二乙二醇丁醚好氧降解污泥培养驯化及动力学分析

doi:10.19965/j.cnki.iwt.2022-0404

摘要/Abstract

摘要：

以二乙二醇丁醚（DGBE）为唯一碳源，采用阶段性提荷的方式，对好氧活性污泥进行培养驯化，考察好氧活性污泥法对DGBE模拟废水的降解效果和耐受浓度，并对其降解动力学进行分析。实验结果表明：以农药生产废水处理工艺的好氧段污泥进行接种，DGBE进水COD为600~700 mg/L，驯化初期微生物可较快适应DGBE模拟废水。随后以200 mg/L的理论COD提升进水负荷，在一定浓度条件下COD去除率均可达90%~95%，整体降解效果较好。当进水DGBE质量浓度低于620 mg/L时，DGBE可在5~6 h内完全降解，之后随着进水DGBE质量浓度的升高，降解时间逐渐延长。在该实验条件下，好氧活性污泥对DGBE的最高耐受质量浓度在1 103 mg/L左右，继续提高进水DGBE，好氧活性污泥的降解效果及状态均变差，并出现COD降解迟滞期。活性污泥对DGBE的降解符合一级动力学特征，DGBE及COD的降解速率随浓度的上升均呈先快后慢的趋势，说明高浓度的DGBE对微生物具有抑制作用。

关键词: 二乙二醇丁醚, 好氧生物降解, 光伏废水

Abstract:

Using diethylene glycol butyl ether（DGBE） as the only carbon source， the aerobic activated sludge was cultivated and acclimated by phasing up the load. The degradation effectiveness and tolerance concentrations of the aerobic activated sludge method on DGBE simulated wastewater were examined and the degradation kinetics were analysed. The experimental results showed that the aerobic sludge of pesticide production wastewater process was used for inoculation， influent COD was 600-700 mg/L， and the microorganisms could adapt to the DGBE simulated wastewater quickly at the early stage of acclimatization. Subsequently， the influent load was increased with a theoretical COD of 200 mg/L， and the overall degradation effect was good as the COD removal rate could reach 90%-95% under certain concentration conditions. When the influent DGBE mass concentration was below 620 mg/L， DGBE could be completely degraded within 5-6 hours. After that， the degradation time was gradually extended as the influent DGBE mass concentration increased. Under the experimental condition， the maximum tolerated mass concentration of aerobic activated sludge to DGBE was around 1 103 mg/L. Continuing to increase the influent DGBE， the degradation effect and state of aerobic activated sludge became worse and a lag period of COD degradation appeared. The degradation of DGBE by activated sludge was in accordance with the first-order kinetics， and the degradation rate of DGBE and COD showed a trend of fast and then slow with the increase of concentration， indicating that high concentration of DGBE had an inhibitory effect on microorganisms.

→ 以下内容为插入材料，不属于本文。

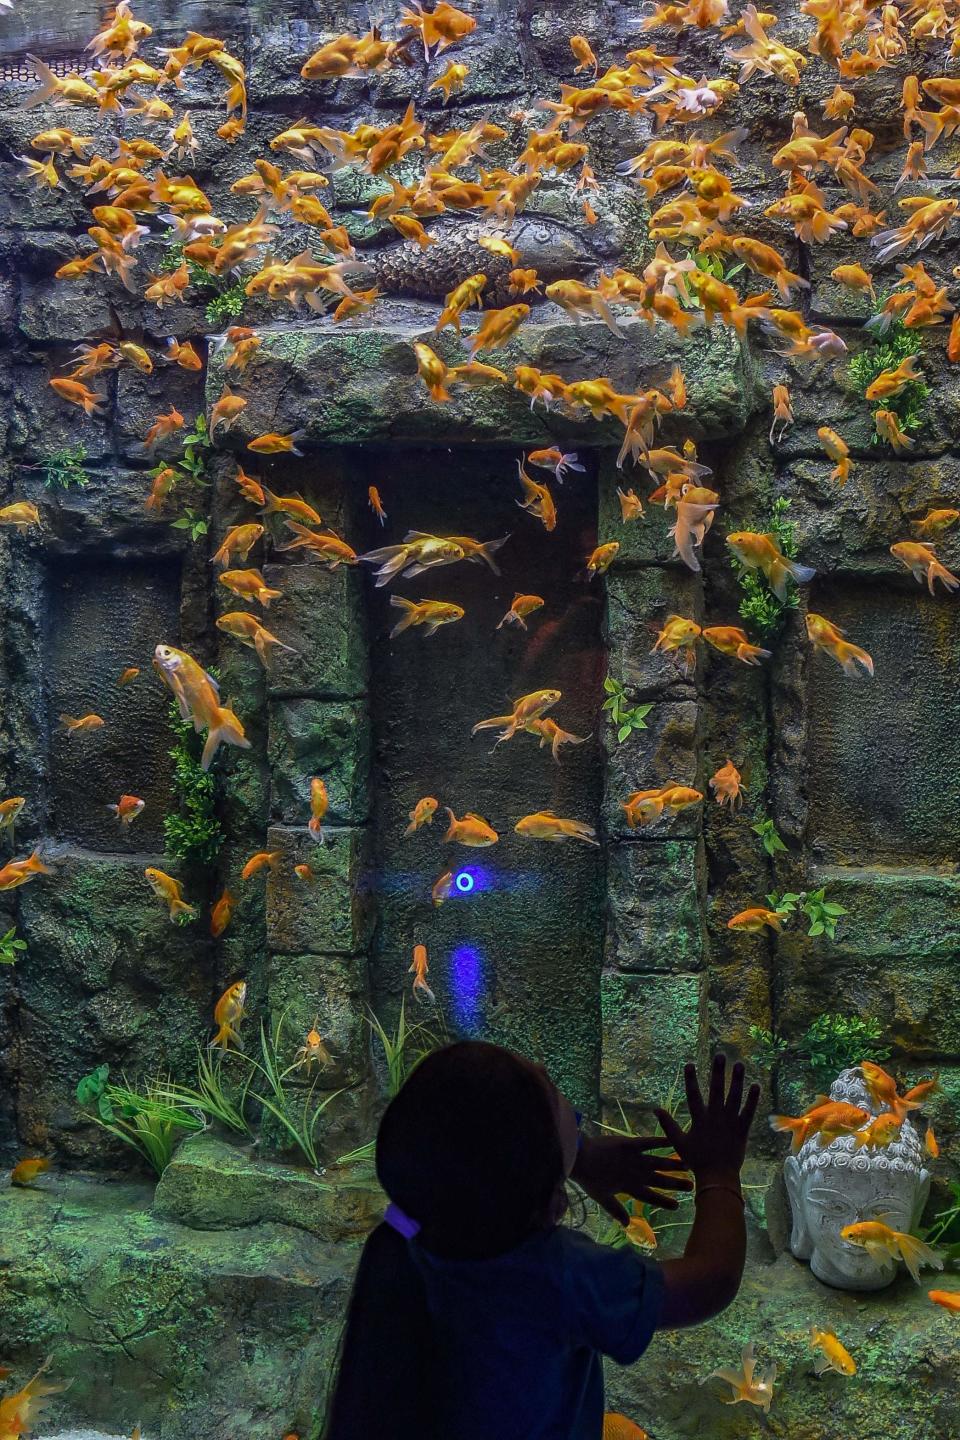 A visitor looks at fish swimming inside an Aquatic Gallery at the Gujarat Science City.
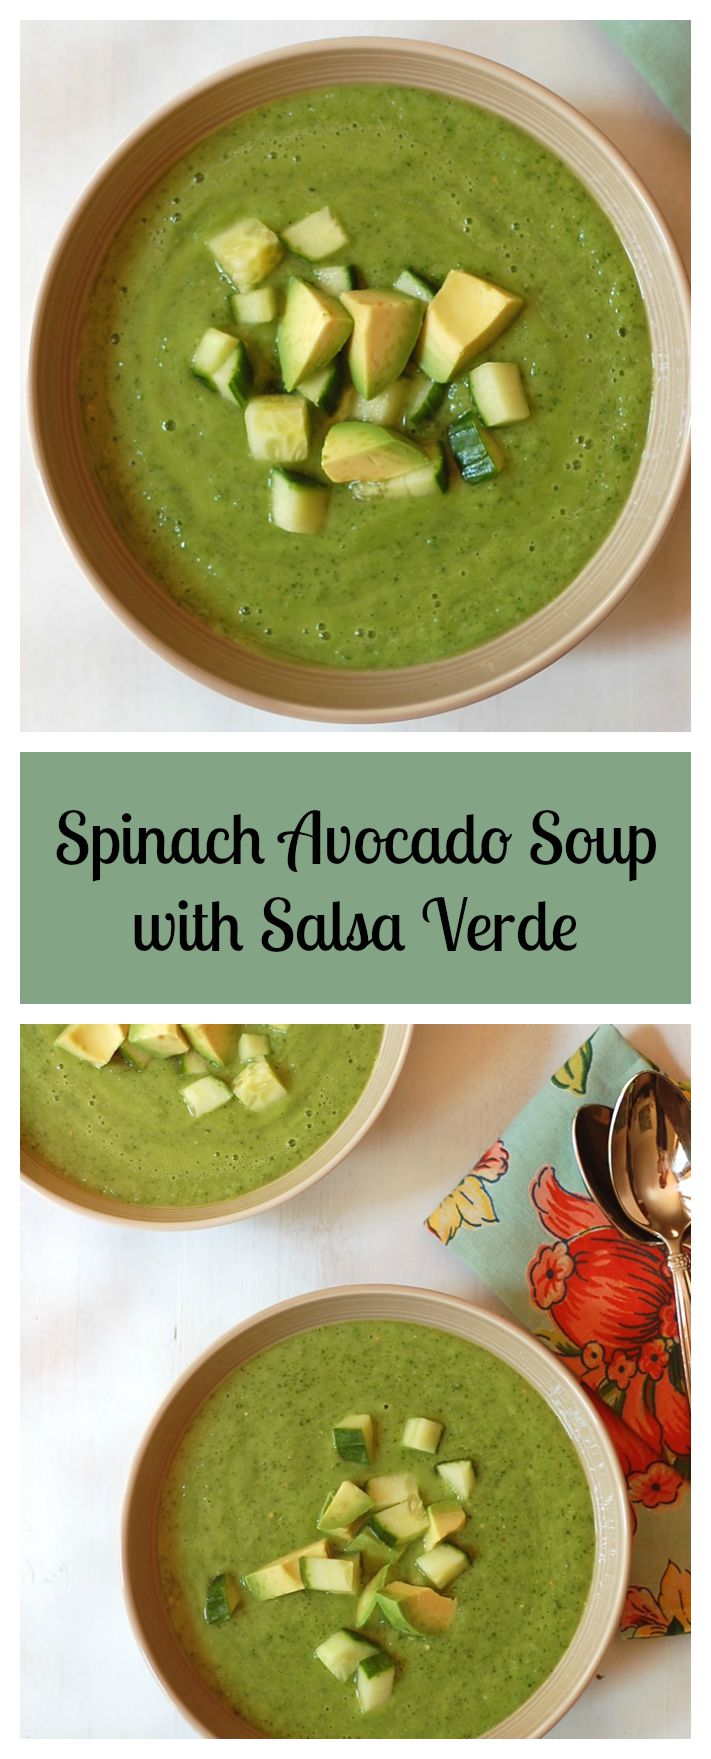 Spinach Avocado Soup with Salsa Verde. Vegan and Gluten-Free! Find the recipe at turniptheoven.com

Key words: diethylene glycol butyl ether, aerobic biodegradation, photovoltaic wastewater

中图分类号:

关莹,刘润,李博文,刘伟京. 二乙二醇丁醚好氧降解污泥培养驯化及动力学分析[J]. 工业水处理, 2022, 42(12): 100-105.

Ying GUAN,Run LIU,Bowen LI,Weijing LIU. Cultivation， acclimatization and kinetic analysis of diethylene glycol butyl ether aerobically degraded sludge[J]. Industrial Water Treatment, 2022, 42(12): 100-105.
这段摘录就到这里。